▶ **Input records**:
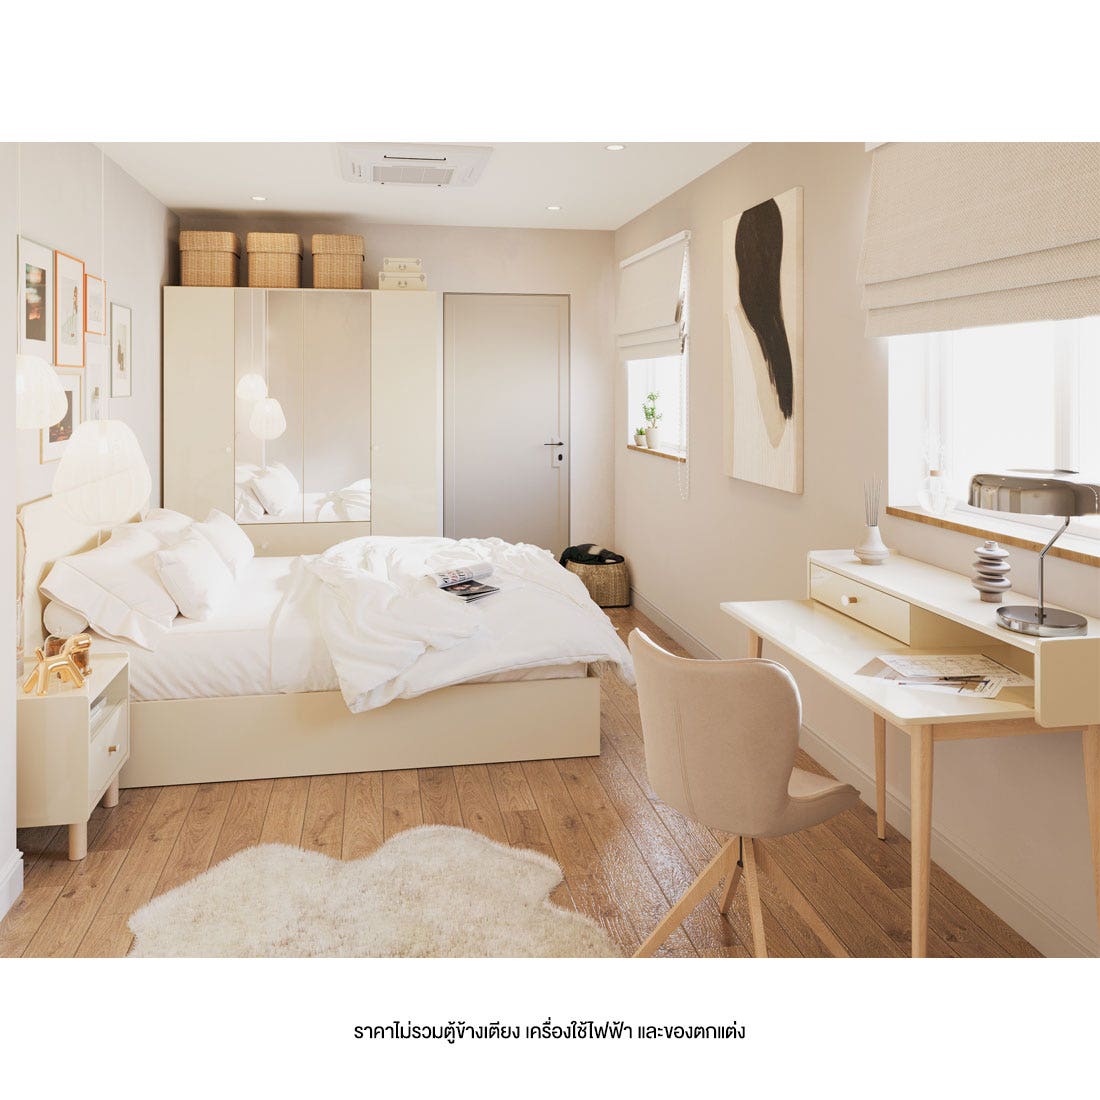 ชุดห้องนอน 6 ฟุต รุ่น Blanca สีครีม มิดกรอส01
---
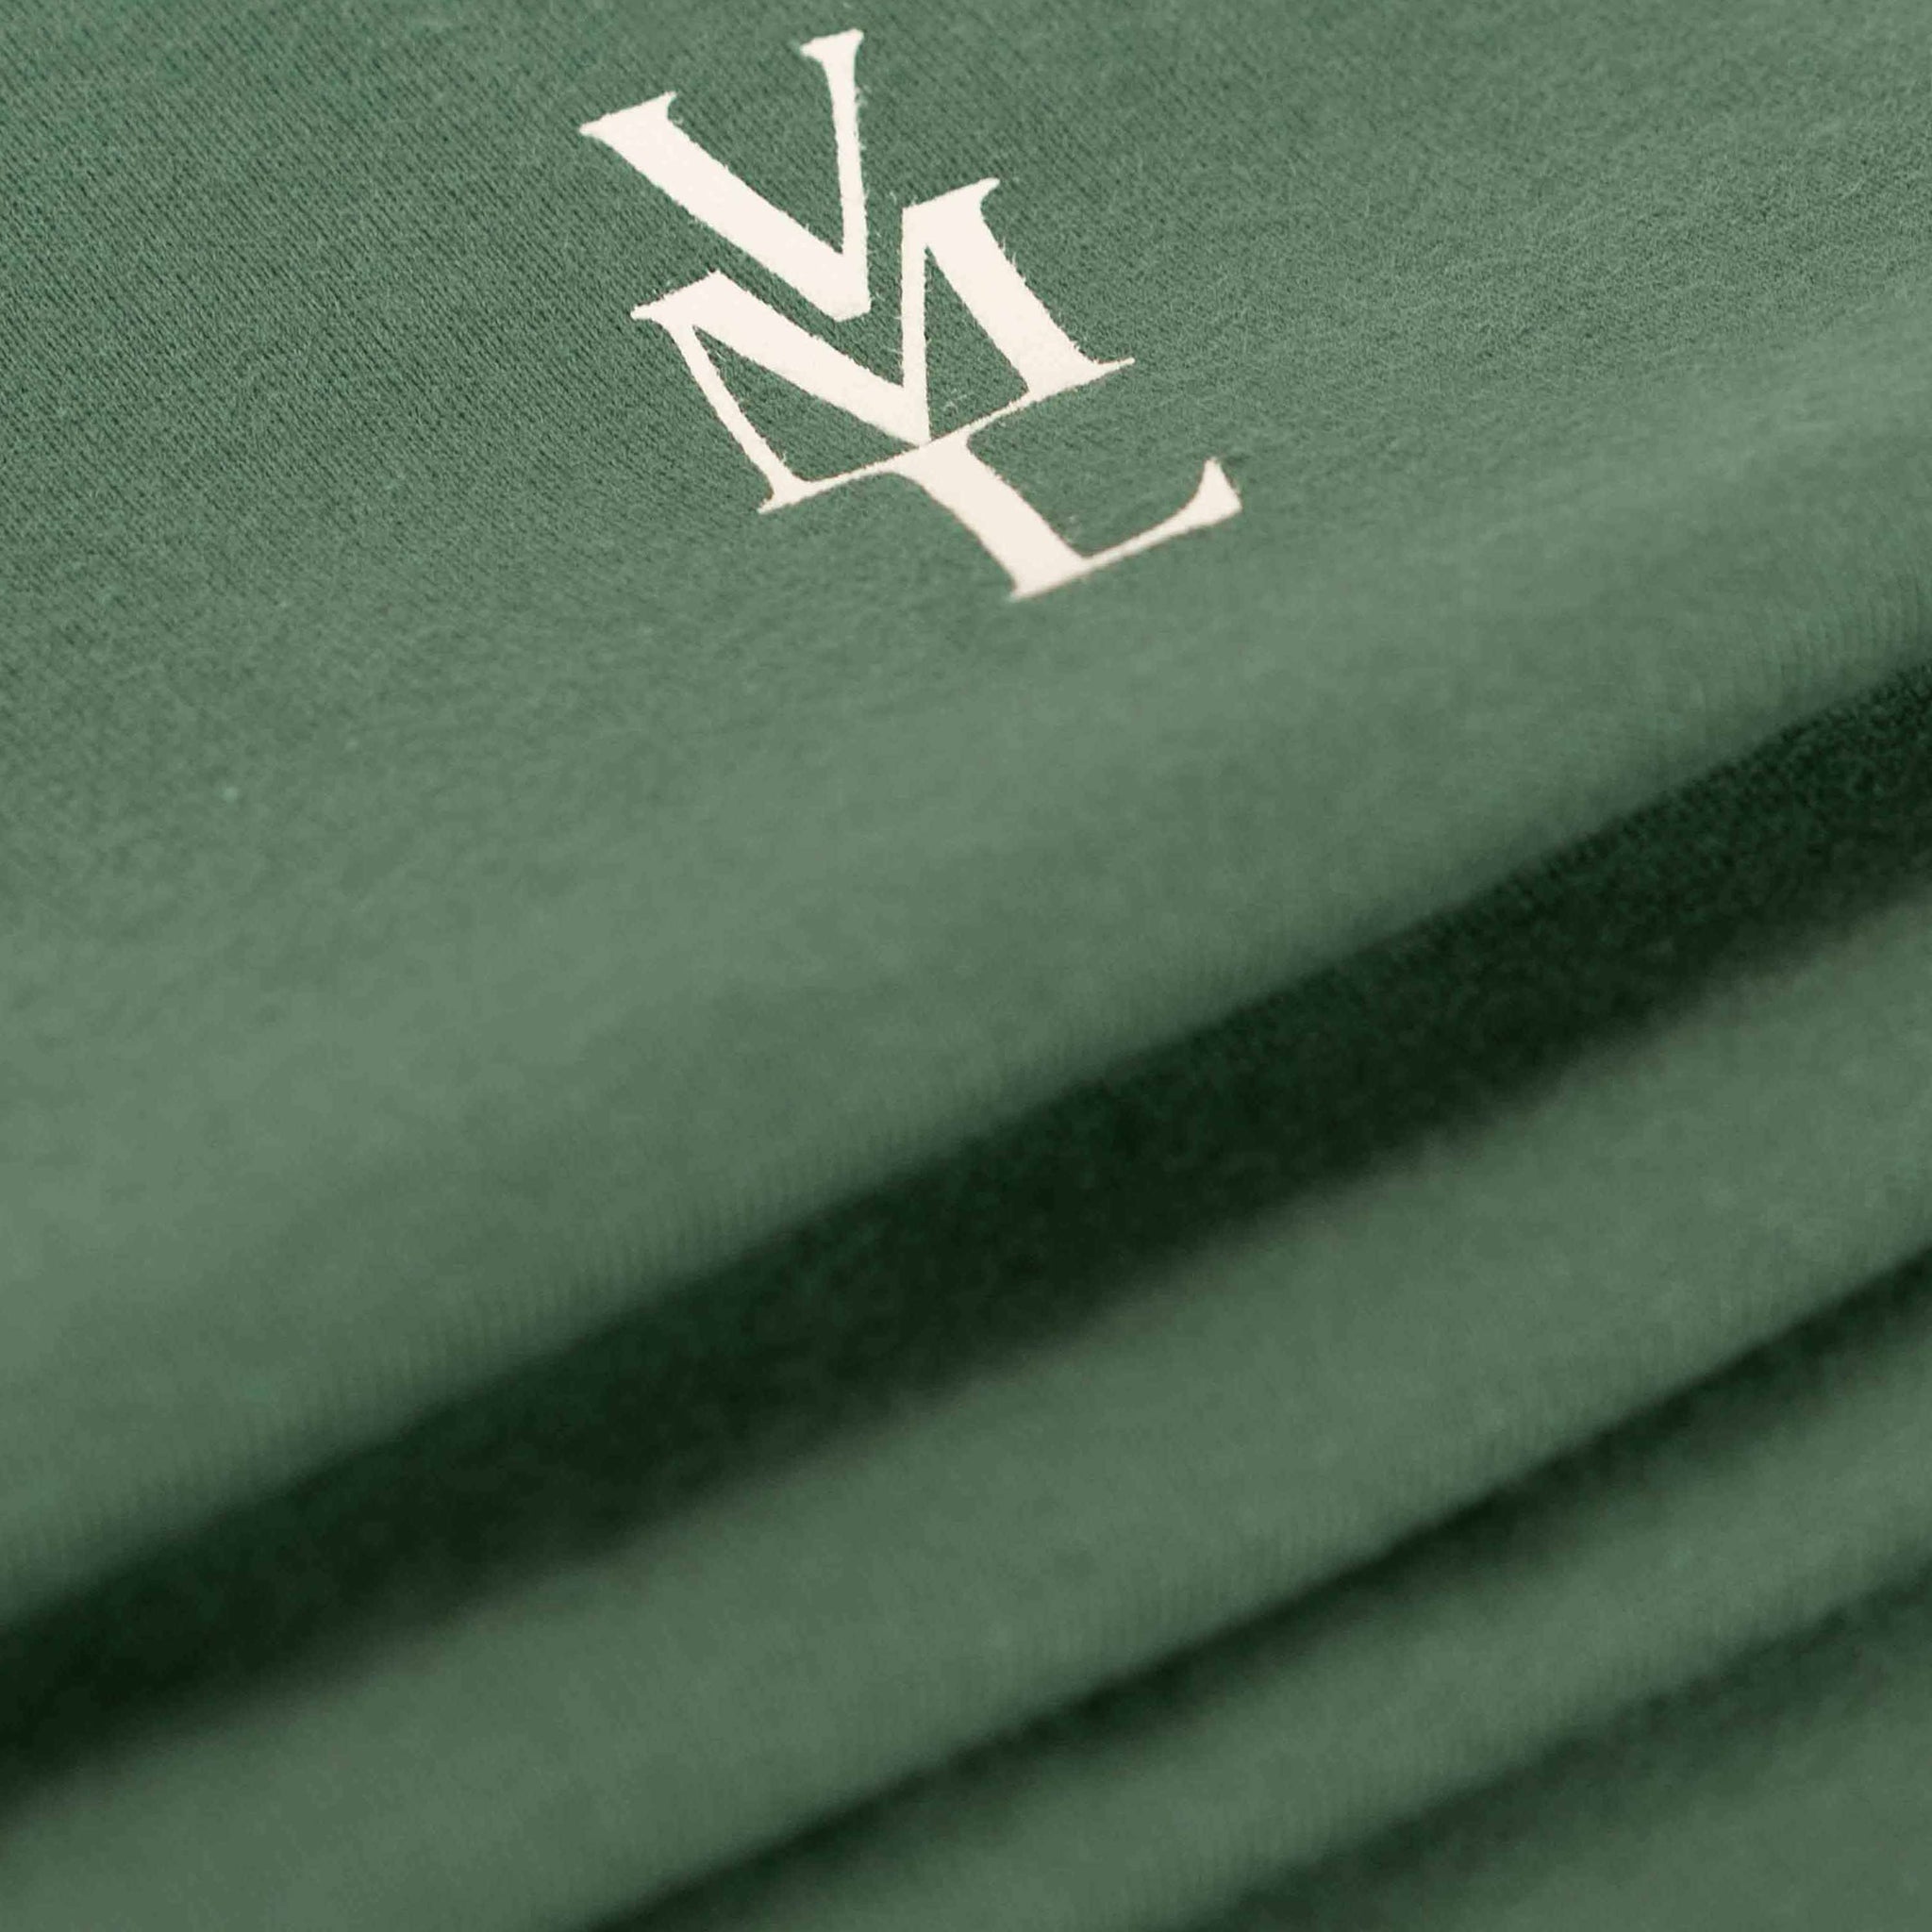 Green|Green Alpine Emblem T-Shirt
* * *
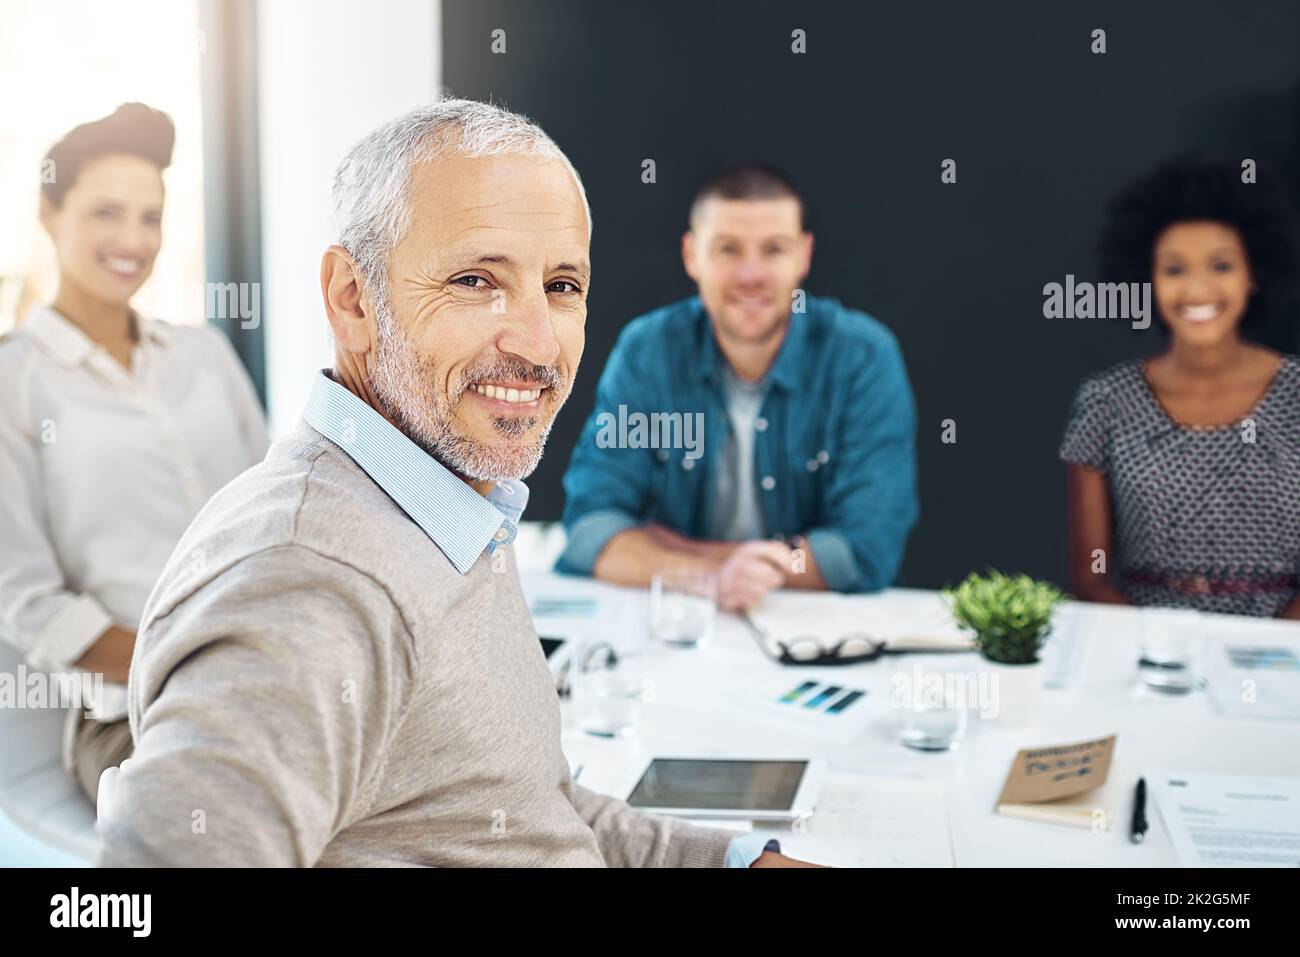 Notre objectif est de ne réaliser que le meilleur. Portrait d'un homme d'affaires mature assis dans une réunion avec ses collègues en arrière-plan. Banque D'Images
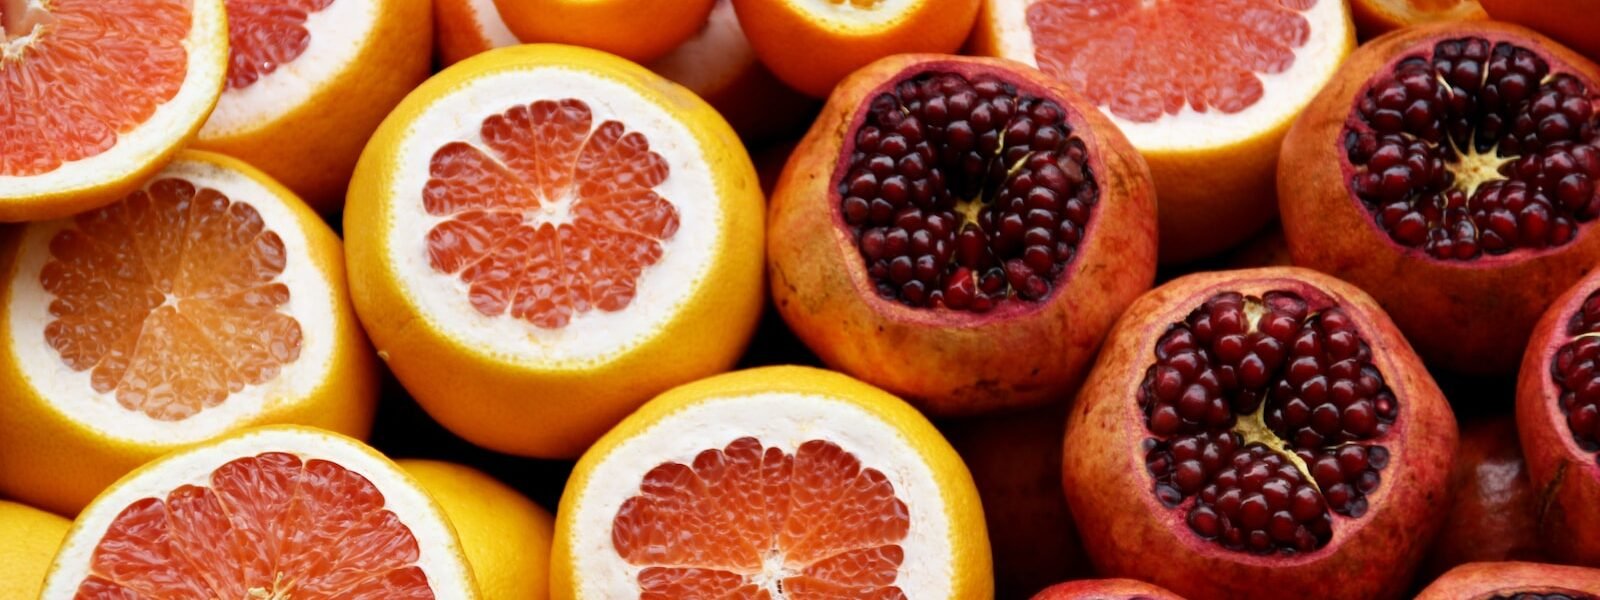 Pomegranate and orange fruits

▶ **Assignment**:
Exactly the lines above from the one that contains "Notre objectif est" down to the one that contains "Pomegranate and orange fruits" are to be output, both ends kept and pictures omitted.

▶ **Answer to the problem**:
 Notre objectif est de ne réaliser que le meilleur. Portrait d'un homme d'affaires mature assis dans une réunion avec ses collègues en arrière-plan. Banque D'Images
 Pomegranate and orange fruits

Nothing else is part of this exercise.